- Born: 1987 (age 38–39)
- Occupation: Jeweler designer
- Mother: Silvia Venturini Fendi

= Delfina Delettrez Fendi =

Italian designer and jeweler (1987)

Delfina Delettrez Fendi (born 1987) is an internationally known Italian designer and jeweler based in Rome.

==Career==

The fourth-generation heiress of the Fendi family, the Italian luxury fashion house, Delettrez founded her own company, Delfina Delettrez, in 2007, with the help of her father, Bernard Delettrez, a well known jewellery maker who gave her his own brand symbol (and the know-how) which was designed by Karl Lagerfeld for him many years before. In the same year, the trendsetting Paris store Colette staged a show of the pieces Delettrez had made for herself. By January 2009, the Musée des Arts Décoratifs in Paris had acquired two of her pieces for its permanent collection.
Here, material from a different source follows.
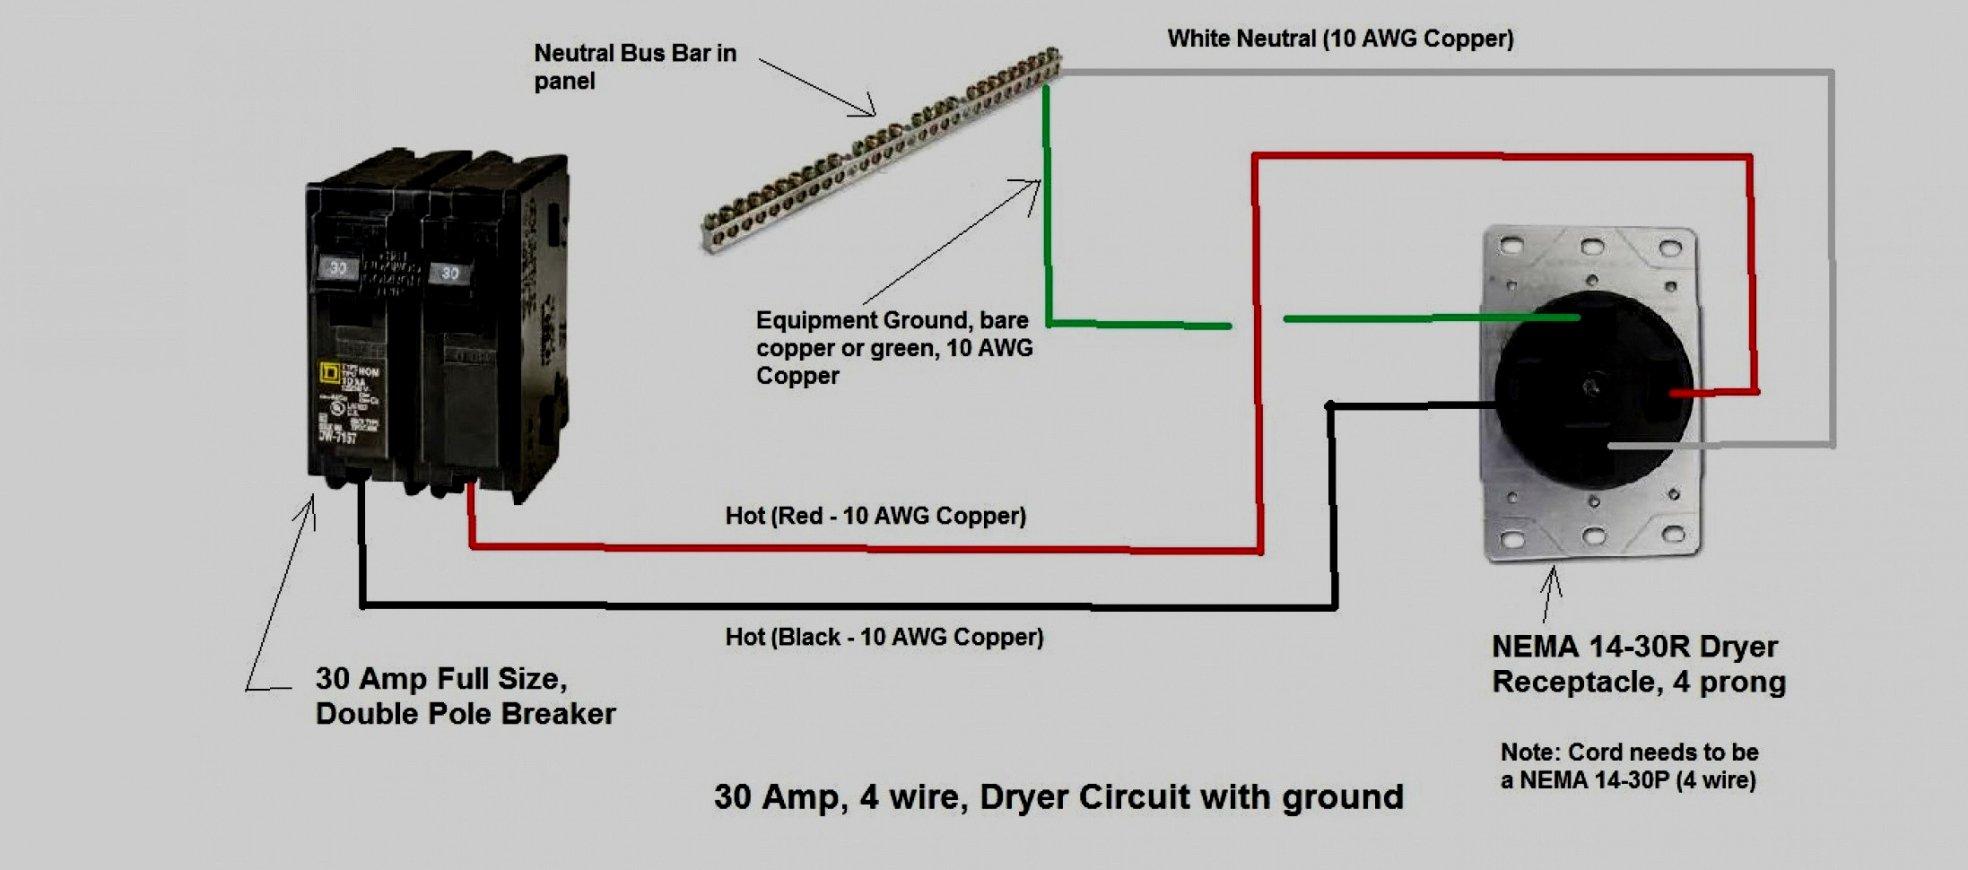 DIAGRAM] 240 Volt 30 Amp Wiring Diagram FULL Version HD Quality Wiring  Diagram - AAWIRINGLOOM.MAMI-WATA.FRMami Wata

Her works have led to numerous design collaborations with brands such as Kenzo, Miami-based concept store The Webster, Dover Street Market, Diamond Foundry, Fendi; made from precious metals and gemstones, Delettrez's designs consist of figurative surrealism and natural iconography including animals, hands and lips, alongside her new signature eye design.

Delettrez has also presented solo exhibitions at the Antonella Villanova Gallery in Miami, as well as the Galleria O in Rome, and in March 2012 she showcased her Metalphysic collection at the Louvre's Musée des Arts Décoratifs in Paris, becoming the youngest designer to be showcased at the venerated museum. In 2013 she was chosen to become part of BoF 500 – The people shaping the global fashion industry. In 2016, she was named in Forbes Magazine "30 Under 30" list that celebrates the youngest and brightest entrepreneurs.